Myanmar has long been a major producer of heroin’s main ingredient, opium, and dominates Southeast Asia’s $60 billion trade in methamphetamines. Most of each pours into neighbors Laos and Thailand and onto markets farther afield out of eastern Myanmar’s Shan state, a hive of rebel groups and military-allied militias.

Jeremy Douglas, who oversees the region for the United Nations Office on Drugs and Crime, said there was no way many of these groups and militias were not profiting off that trade, whether by producing or trafficking or simply taxing the traffic that passes through their fiefs.

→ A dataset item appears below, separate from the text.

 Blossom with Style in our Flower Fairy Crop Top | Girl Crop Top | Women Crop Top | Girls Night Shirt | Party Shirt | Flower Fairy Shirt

“Moving shipments in any direction from Shan to Thailand or Laos requires trafficking from or through territories of different groups, and it is impossible they are in the dark and not making money one way or another,” he said. “They all deny involvement and point at the others — impossible.”

Douglas said the vast profits Myanmar’s rebel groups and militias earn off the drug trade are surely helping to fuel the post-coup fighting, as it has for decades.

"Drugs are by far the largest source of income for militias and armed groups in Shan, and they have been and continue to be a way to pay for guns, soldiers and conflict,” he said.

‘An absolute game changer’

Even so, the resistance forces now aligned against the junta remain heavily outgunned. An arsenal of portable surface-to-air missiles in particular could help them put a major dent in the military’s air power, said Richard Horsey, a Myanmar analyst and senior adviser to the International Crisis Group, a think tank.

“Anyone who is currently in active conflict with the Myanmar military would find MANPADS to be extremely useful,” he said of the missiles, also known as man-portable air-defense systems.

After more than a year of fighting, the military has failed to put down a nationwide armed resistance stitched together from a handful of established rebel groups like the KNU and dozens of so-called peoples defense forces whipped up by the coup. With its fleet of fighter jets and helicopter gunships, though, the junta has inflicted deadly damage on contested towns and villages and driven hundreds of thousands of civilians from their homes.

The U.N. has accused the junta of deliberately bombarding civilian populations from both the ground and air in attacks amounting to war crimes and crimes against humanity. The junta claims it is fighting “terrorists” in order to restore peace and stability.

Horsey said the UWSA and some other rebel groups are believed to have a few portable surface-to-air missile systems already.

The UWSA has not joined the post-coup resistance. But the Kachin Independence Army, another rebel group, has, and Horsey said it likely used a surface-to-air missile to shoot down a military helicopter last May.

More of the missiles, he added, could significantly help the resistance both deter more air attacks and make it much riskier for the military to move soldiers and supplies by helicopter to remote areas hard to reach by land.

Deployed in larger numbers, he said, “surface-to-air missiles would be an absolute game changer.”